▸ DATA
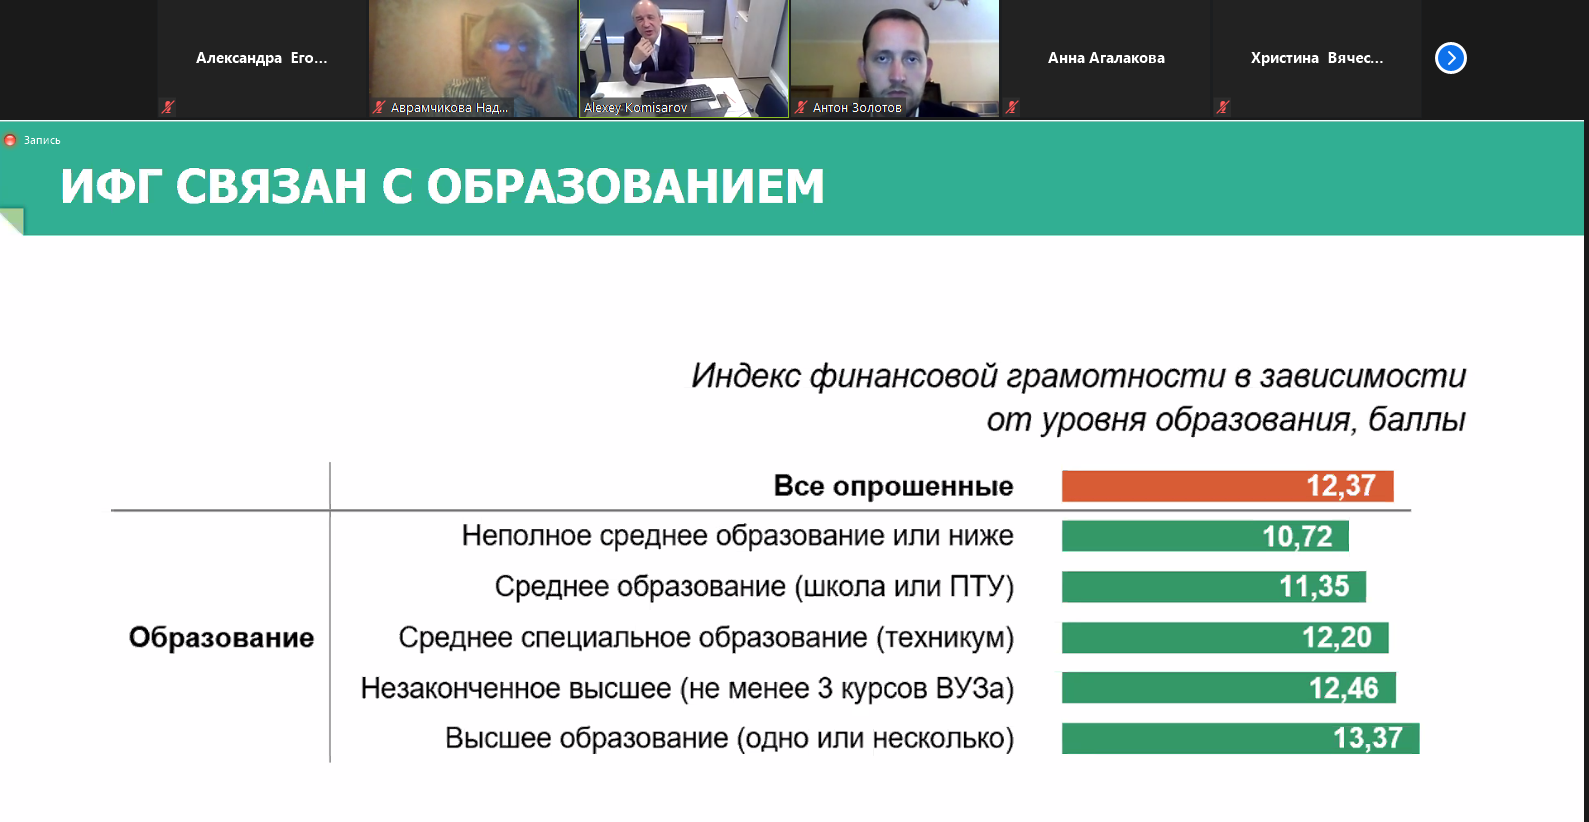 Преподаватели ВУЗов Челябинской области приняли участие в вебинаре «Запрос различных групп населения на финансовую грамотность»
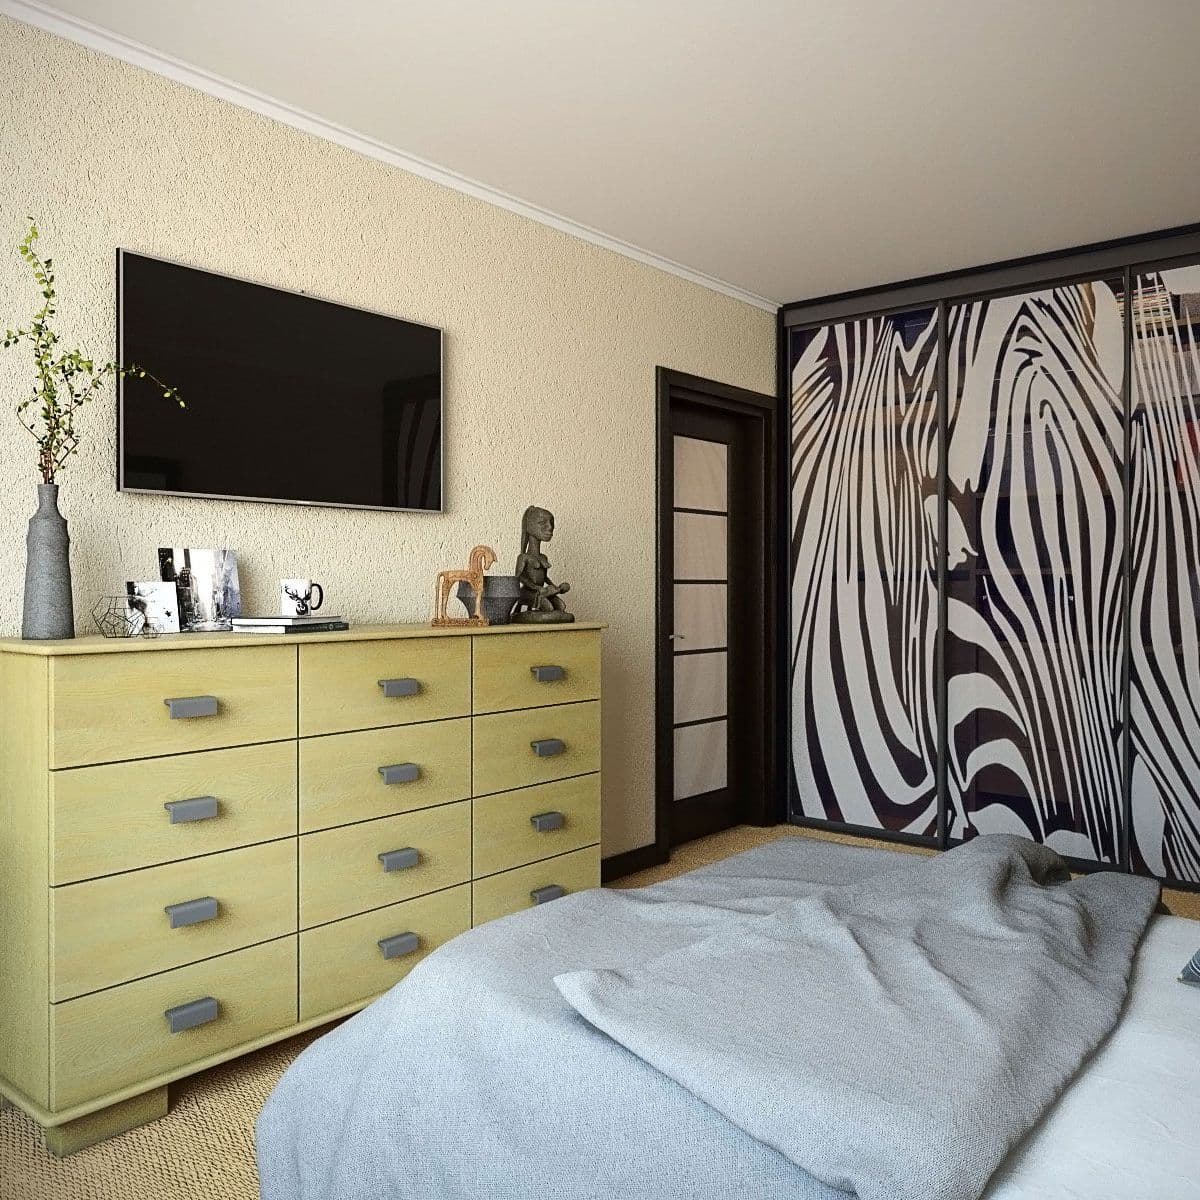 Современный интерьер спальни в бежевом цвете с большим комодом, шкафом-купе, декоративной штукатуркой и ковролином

--

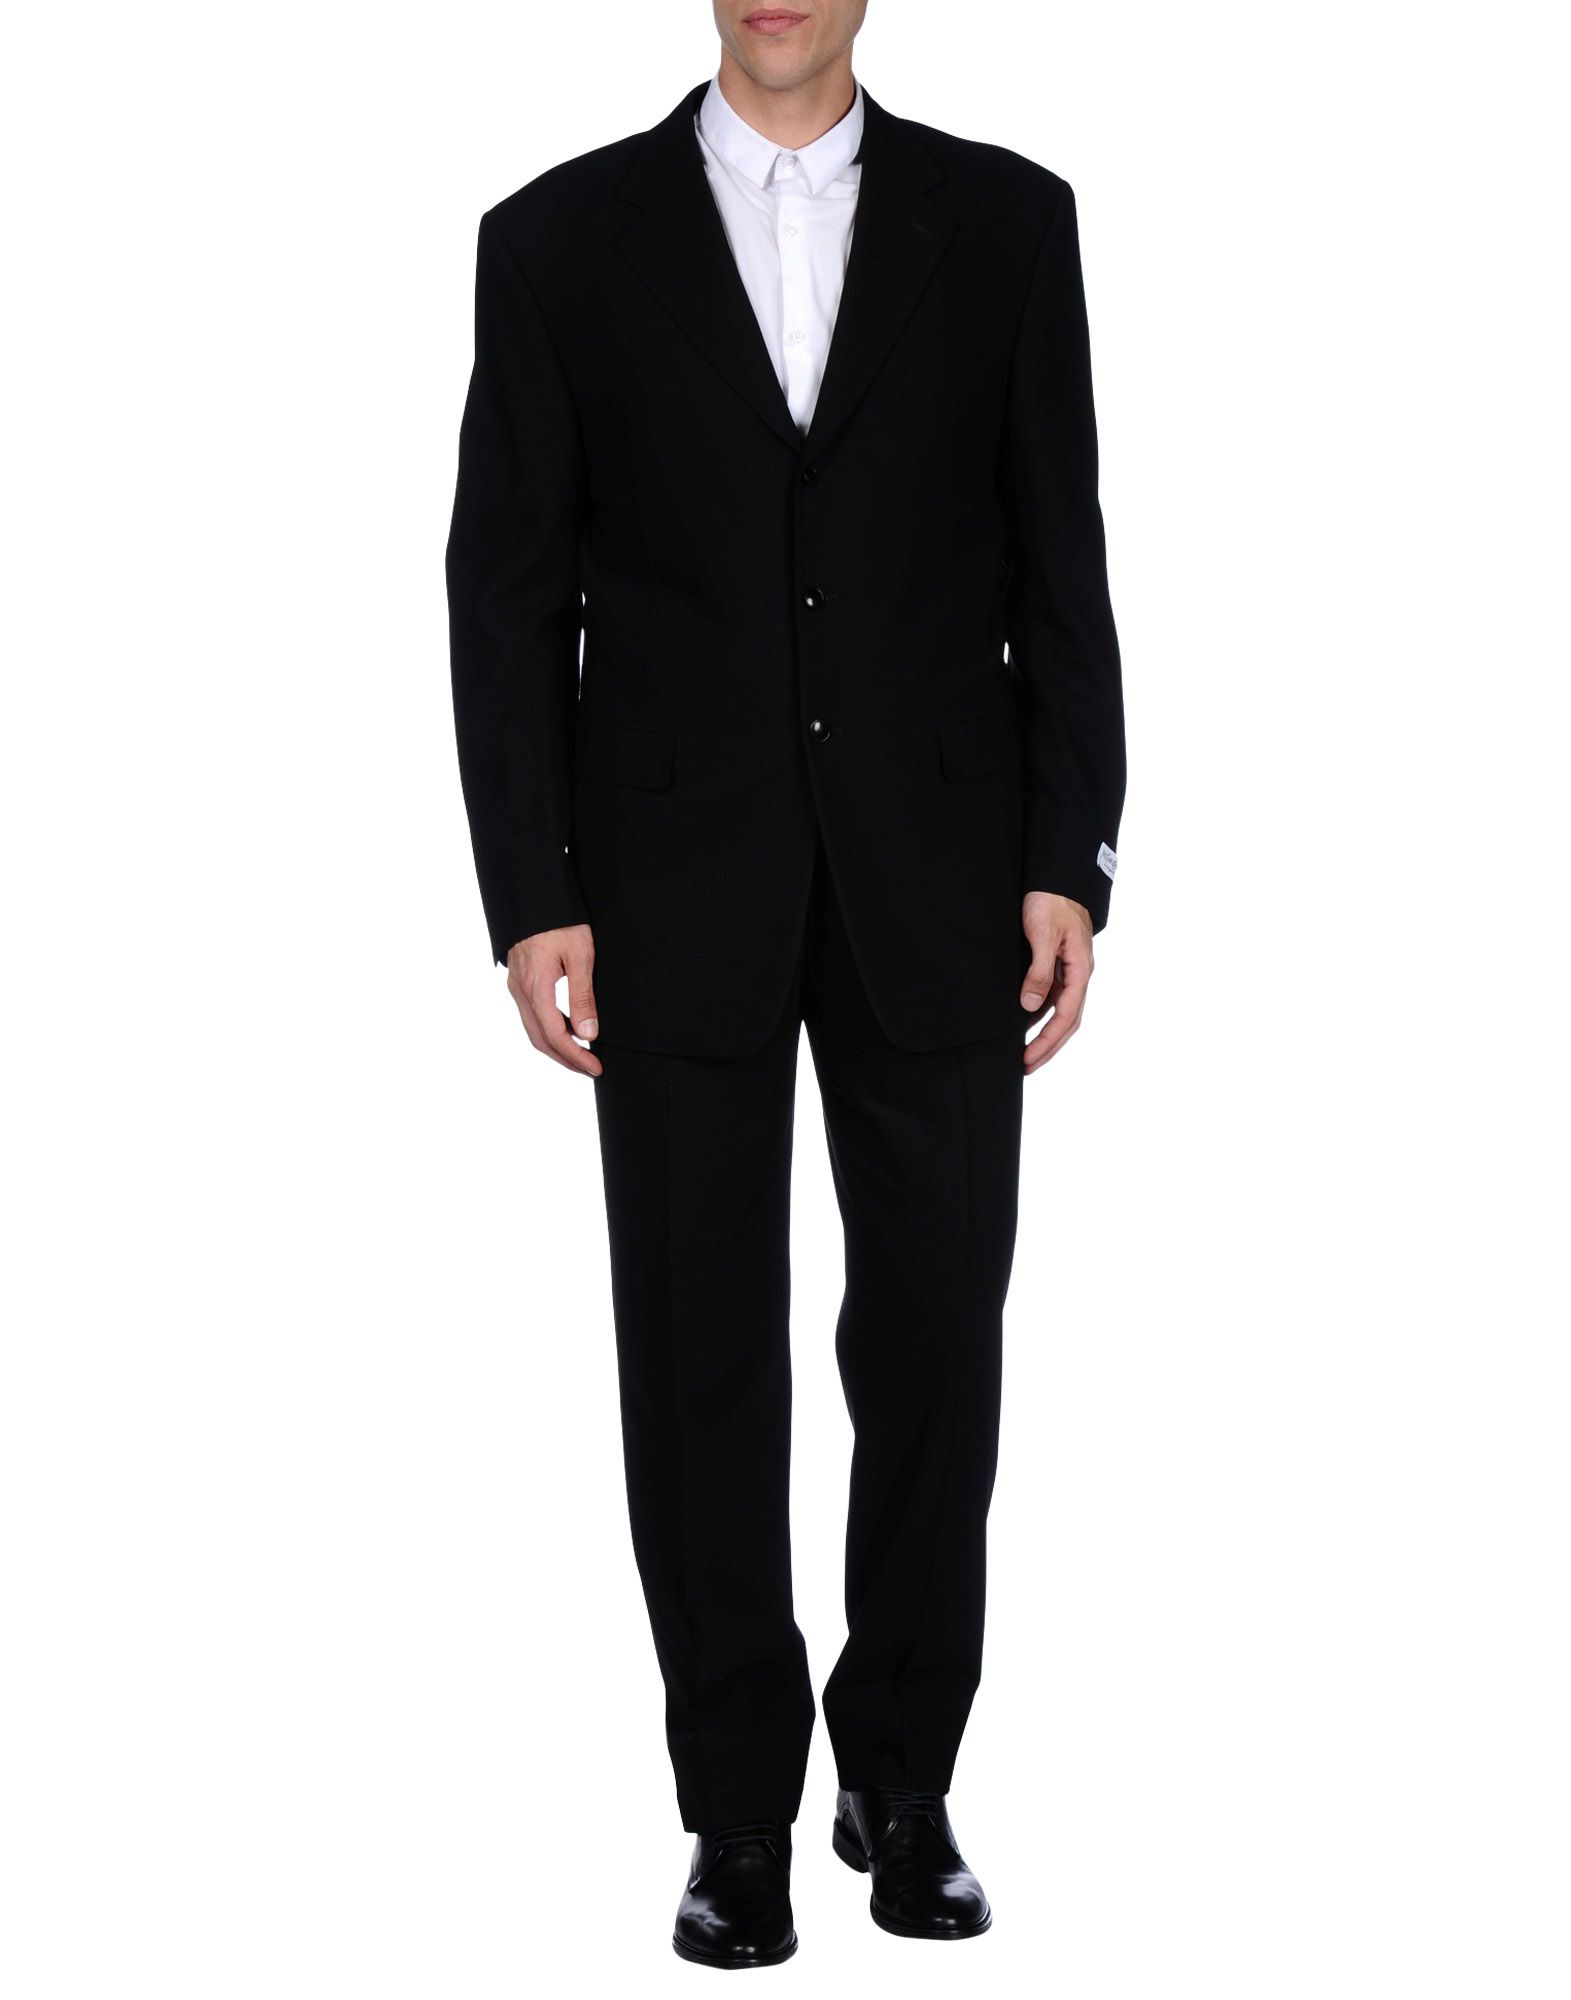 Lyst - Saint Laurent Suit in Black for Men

▸ TASK REQUIREMENTS
Write back the stretch of lines above that begins with the line holding "Преподаватели ВУЗов Челябинской" and ends with the line holding "Современный интерьер спальни", both included, exactly as written. Pictures stay out.

▸ ANSWER BOX
 Преподаватели ВУЗов Челябинской области приняли участие в вебинаре «Запрос различных групп населения на финансовую грамотность»
 Современный интерьер спальни в бежевом цвете с большим комодом, шкафом-купе, декоративной штукатуркой и ковролином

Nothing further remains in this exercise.